Don't have time this AM to try the test case, but I'm seeing a similar situation where a SVGZ saved in some unknown version of Inkscape (file metadata does say 0.46), using an imported PDF, contains character 0001s that the parser doesn't like with a fresh install of Inkscape 0.46-5ubuntu4 on a fresh install of Ubuntu 9.10:

file.svg:493: parser error : PCDATA invalid Char value 1
         id="tspan2654"></tspan></text>
                        ^
file.svg:635: parser error : PCDATA invalid Char value 1
         id="tspan2736"></tspan></text>
                        ^
file.svg:971: parser error : PCDATA invalid Char value 1
         id="tspan2934"></tspan></text>
                        ^
This behavior seems to be somewhat unpredictable, since if I recall correctly I have sometimes generated SVGs from the same PDF with the same version of the software that don't suffer from it.

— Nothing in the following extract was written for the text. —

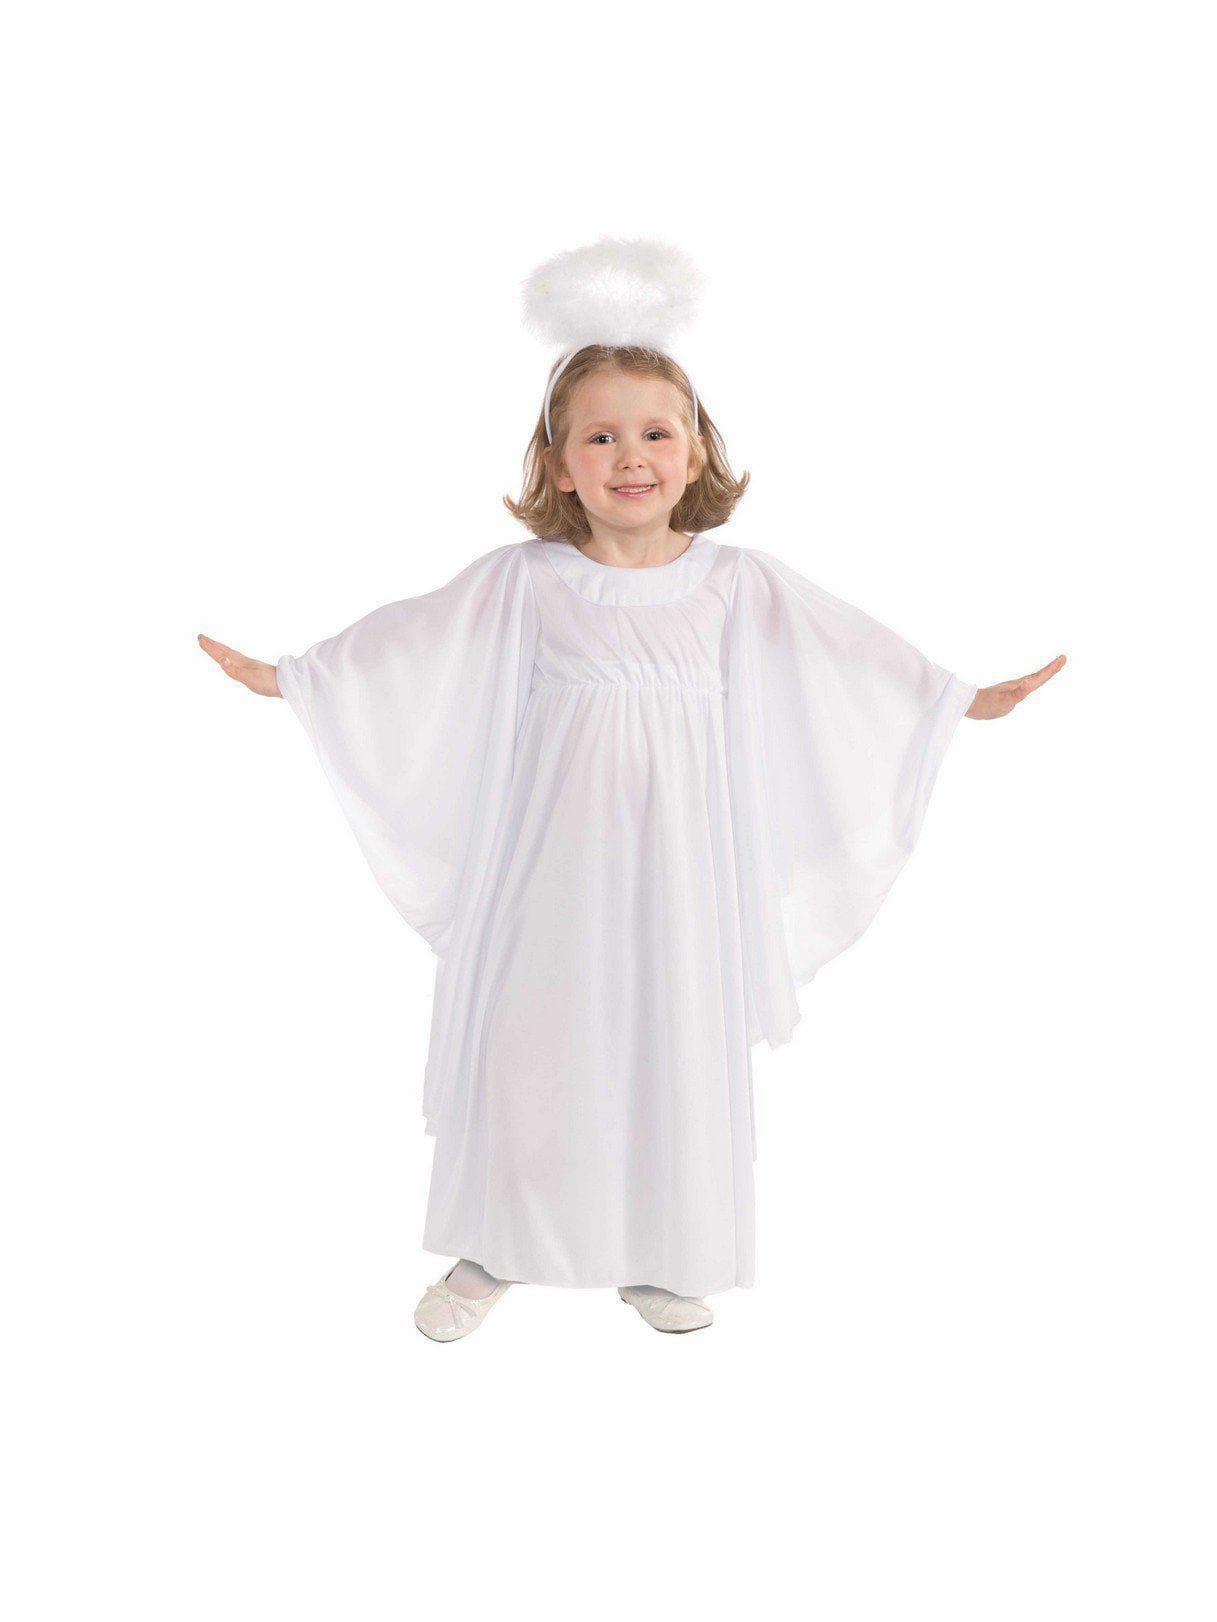 Girls' Angelic Robe and Halo - costumes.com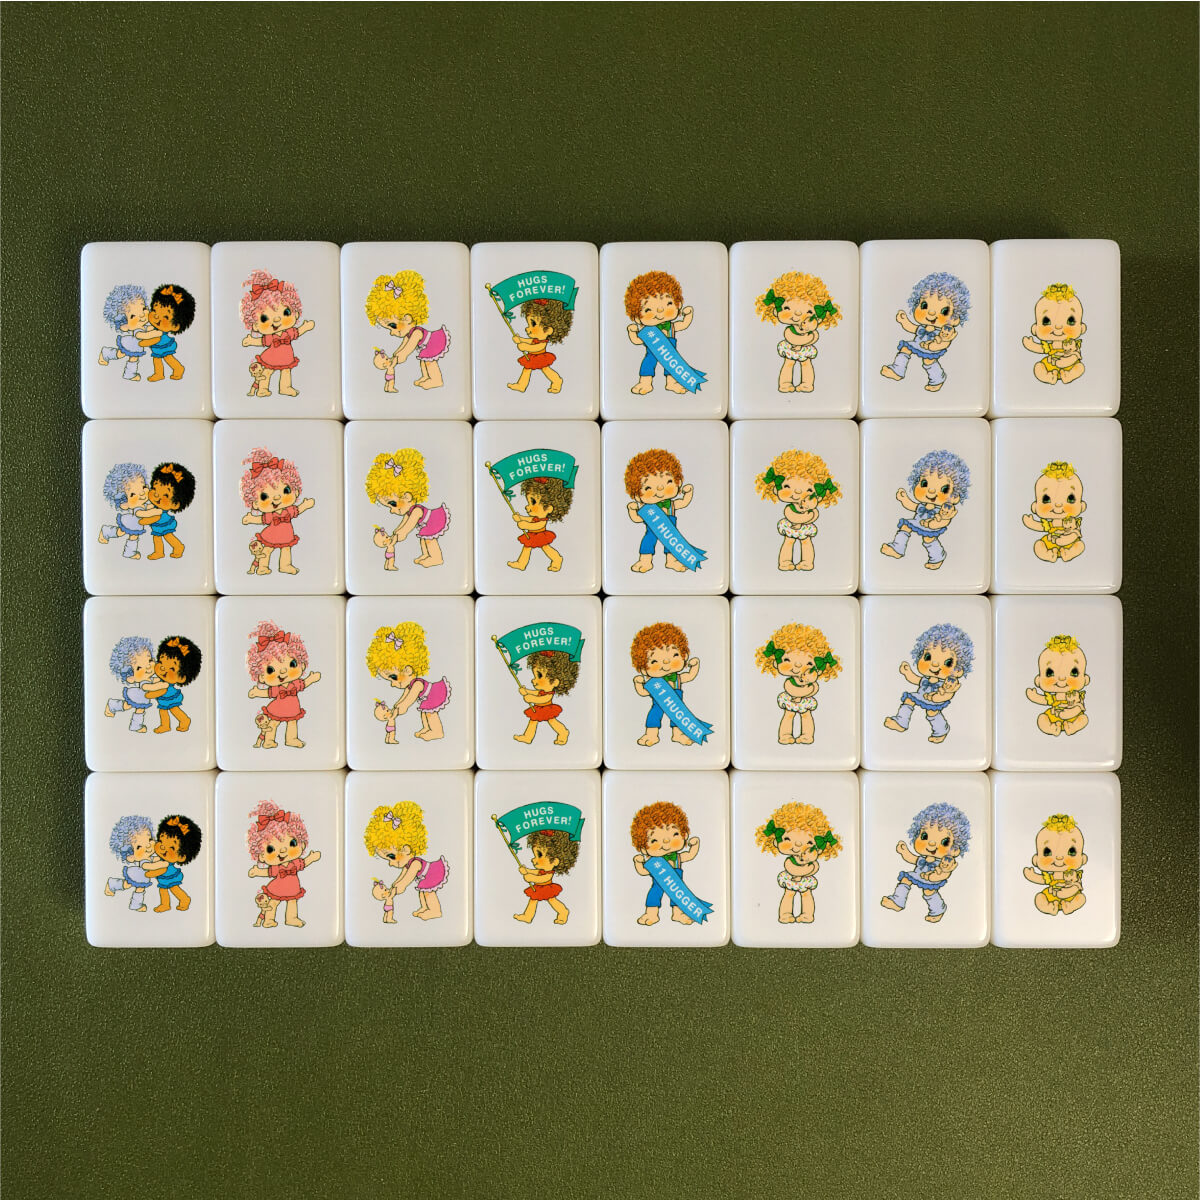 Seaside Escape Tile Game Hugga Bunch 33 blocks X-Large mahjong(for one player)

Of course, going through and stripping the illegal characters is a [tedious] workaround.

...

For what it's worth, here is a snippet of the SVG from a "malformed" file, where ^A represents the illegal character, suggesting this is just being passed through from the imported document in violation of some schema that's caught when reloading:

<text
       transform="matrix(1,0,0,-1,93.600528,484.98)"
       id="text2652"><tspan
         style="font-size:7.98000002px;font-variant:normal;font-weight:normal;fo
nt-stretch:normal;writing-mode:lr-tb;fill:#000000;fill-opacity:1;fill-rule:nonze
ro;stroke:none;font-family:Wingdings;-inkscape-font-specification:Wingdings-Regu
lar"
         x="0"
         y="0"
         id="tspan2654">^A</tspan></text>

Importing the same source PDF into 0.46-5ubuntu4 and saving SVG generates the following, stripping/ignoring the character, at least today:

      <text
         id="text2652"
         transform="matrix(1,0,0,-1,93.600528,484.98)">
        <tspan
           id="tspan2654"
           y="0"
           x="0"
           style="font-size:7.98000002px;font-variant:normal;font-weight:normal;font-stretch:normal;writing-mode:lr-tb;fill:#000000;fill-opacity:1;fill-rule:nonzero;stroke:none;font-family:Wingdings;-inkscape-font-specification:Wingdings-Regular"></tspan>
      </text>

I'll attach the source PDF in case anyone cares to examine its use/abuse of Wingdings/control characters in the first place.